«Delle virtù dei santi io devo prendere la sostanza e non gli accidenti». Questa nota del 1903 che il chierico Angelo Giuseppe Roncalli scrive sul suo diario, mostra come egli si renda già conto che è assurdo pensare a una specie di clonazione della santità. Prende coscienza sia della diversità personale sia della distanza storica che lo separano dai santi venerati, e a maggior ragione dai santi antichi.
Questo è lo spunto da cui partono le riflessioni dei due articoli della sezione «Studi» che aprono il presente fascicolo. Essi muovono dalla comune convinzione che la spiritualità del futuro papa Giovanni XXIII può essere colta nelle sue molteplici sfaccettature anche grazie alla paziente ricostruzione dei santi ai quali egli si è riferito e ai quali si è ispirato nel corso della sua vita. Nel primo saggio Luigi Franco Pizzolato indaga sull’assiduo e fecondo legame tra Roncalli e i Padri della Chiesa. Nel secondo contributo Ezio Bolis mostra l’influsso che la spiritualità benedettina ha esercitato sul santo bergamasco.
Dai testi roncalliani, accuratamente scandagliati e interpretati nel loro contesto, emerge l’idea che i vari cambiamenti di un ministero lungo e assai diversificato come il suo, abbiano rappresentato per lui uno stimolo a conoscere o approfondire figure spirituali sempre nuove.
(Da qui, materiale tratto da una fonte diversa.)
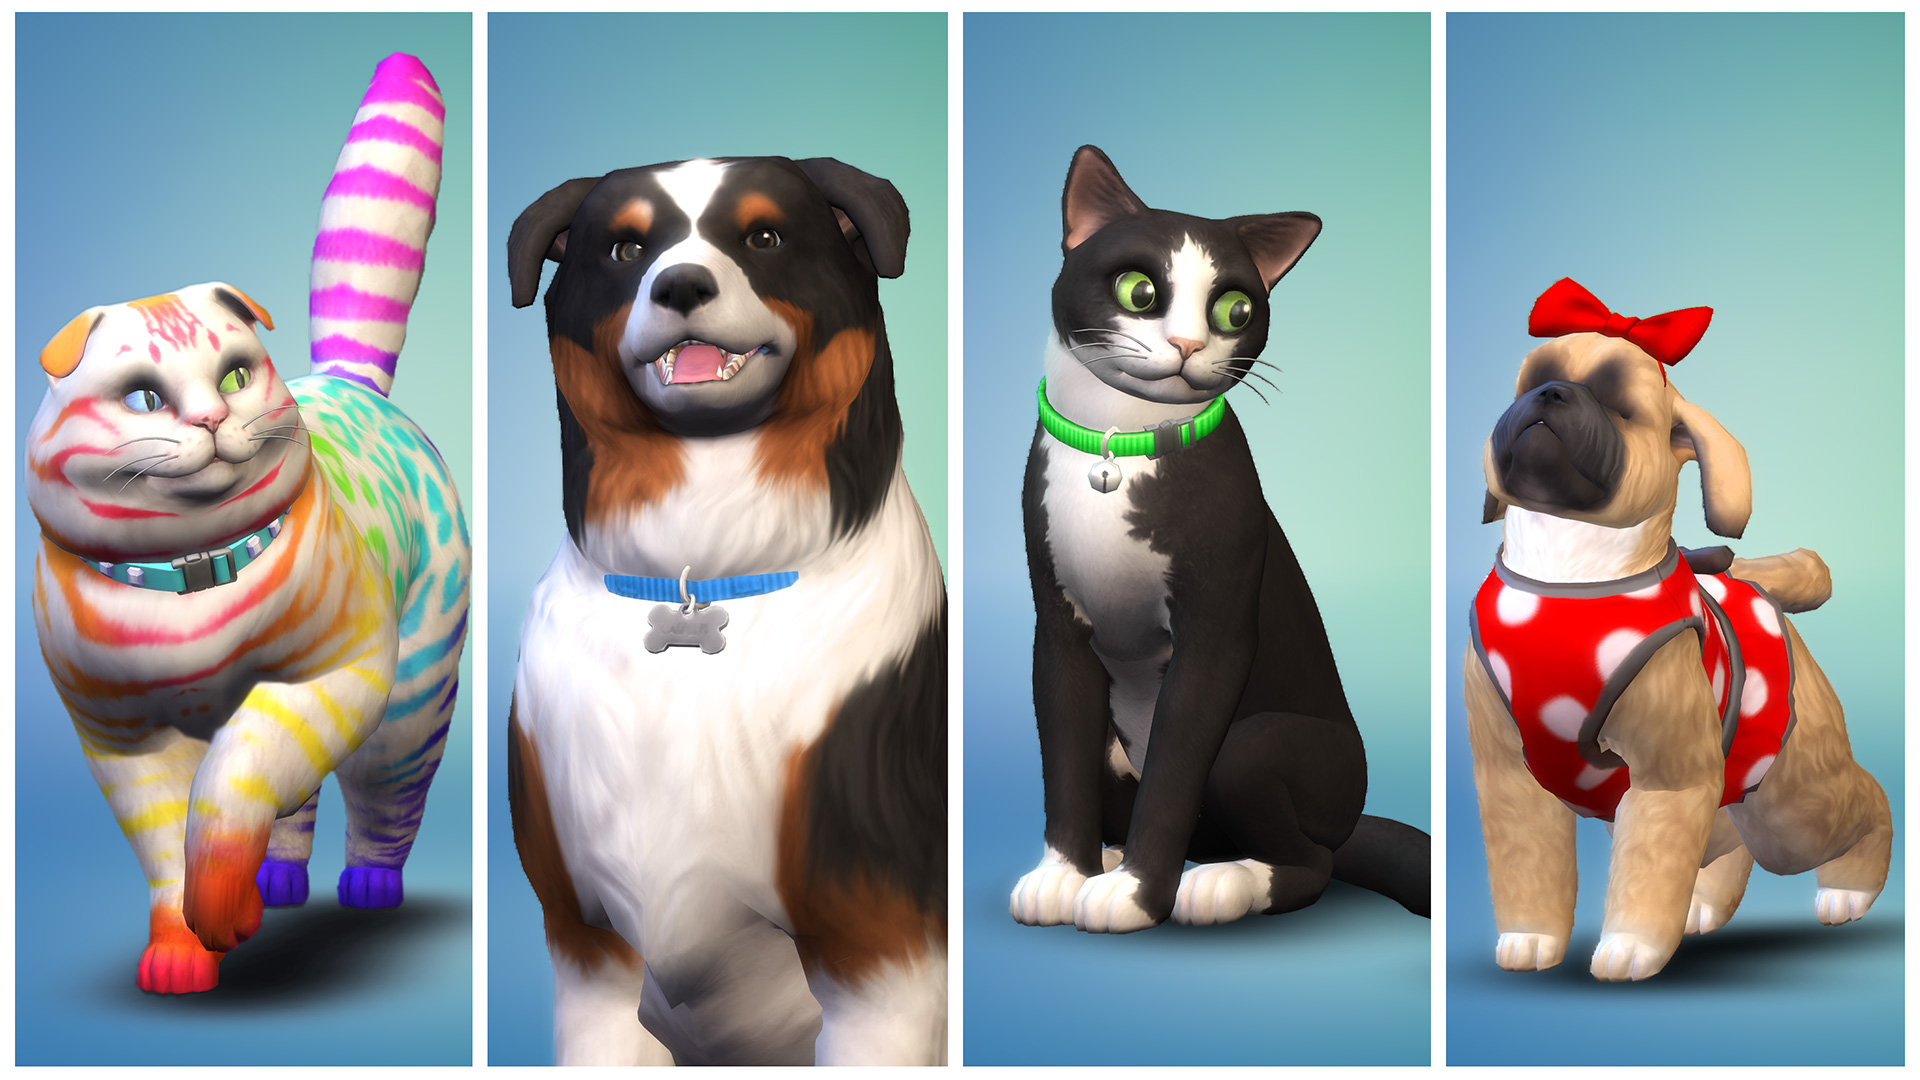 Endearing Coole Haustiere Photo Of Die Sims 4: Hunde Und Katzen

Come a dire che la differenza di condizioni impone un adattamento. Del resto, la sua relazione con i santi non si riduce a un contatto episodico e superficiale; egli non si accontenta di visitarne i santuari o di venerarne le reliquie; dei santi conosce la vita, cita gli scritti, propone gli insegnamenti, dal momento che, come dirà più volte, «noi non siamo rimasti sulla terra a custodire delle tombe di apostoli, di santi, di eroi, ma a continuarne la splendida tradizione».
La riscoperta della tradizione cristiana è pure oggetto della sezione «Documenti» che propone il Diario di viaggio in Terra santa di Gustavo Testa, amico, figlio spirituale di papa Giovanni XXIII che lo nominerà cardinale nel 1959. L’interesse di questo documento inedito del 1913, minuziosamente annotato e ampiamente introdotto da Alessandro Angelo Persico, è molteplice. Oltre a mostrare i rapporti di confidenza con Roncalli, offre elementi per ricostruire il fenomeno dei pellegrinaggi in Terra Santa in età contemporanea. Testa dipinge il clima cosmopolita che caratterizza sempre più Gerusalemme dove, grazie al movimento sionista, cresce sensibilmente l’immigrazione degli ebrei, mentre le potenze europee fanno sentire il loro peso politico e culturale. È la stessa Città Santa che pochi anni prima, nel 1906, aveva visto pellegrino anche don Roncalli, segretario di monsignor Radini Tedeschi, vescovo di Bergamo.
Particolarmente interessanti sono le annotazioni di don Testa – fresco di studi biblici compiuti a Roma e coronati brillantemente con una tesi su Giuseppe Flavio – che aprono squarci sulla situazione della cultura cattolica di inizio Novecento, attraversata da vivaci dibattiti e travagliata dalla crisi modernista. In quegli anni lo studio della Bibbia è uno dei settori più in fermento: oltre al desiderio di valorizzare quei «fatti storici» sui quali è fondata la fede cristiana, si vuole «mettere […] un poco più di religione nella storia, e un poco più di storia nella religione, per la migliore intelligenza dell’una e dell’altra», come scrive Del Pezzo su «La Rassegna Nazionale» nel 1892.